* **Records provided**

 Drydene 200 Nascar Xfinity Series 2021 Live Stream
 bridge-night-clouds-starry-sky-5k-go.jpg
* * *
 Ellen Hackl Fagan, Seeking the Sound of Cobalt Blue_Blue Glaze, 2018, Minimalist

* **What you are asked to do**
Could you return exactly the lines above from the line with "Drydene 200 Nascar" to the line with "bridge-night-clouds-starry-sky-5k-go.jpg", both included, and nothing else?

* **Output below**
 Drydene 200 Nascar Xfinity Series 2021 Live Stream
 bridge-night-clouds-starry-sky-5k-go.jpg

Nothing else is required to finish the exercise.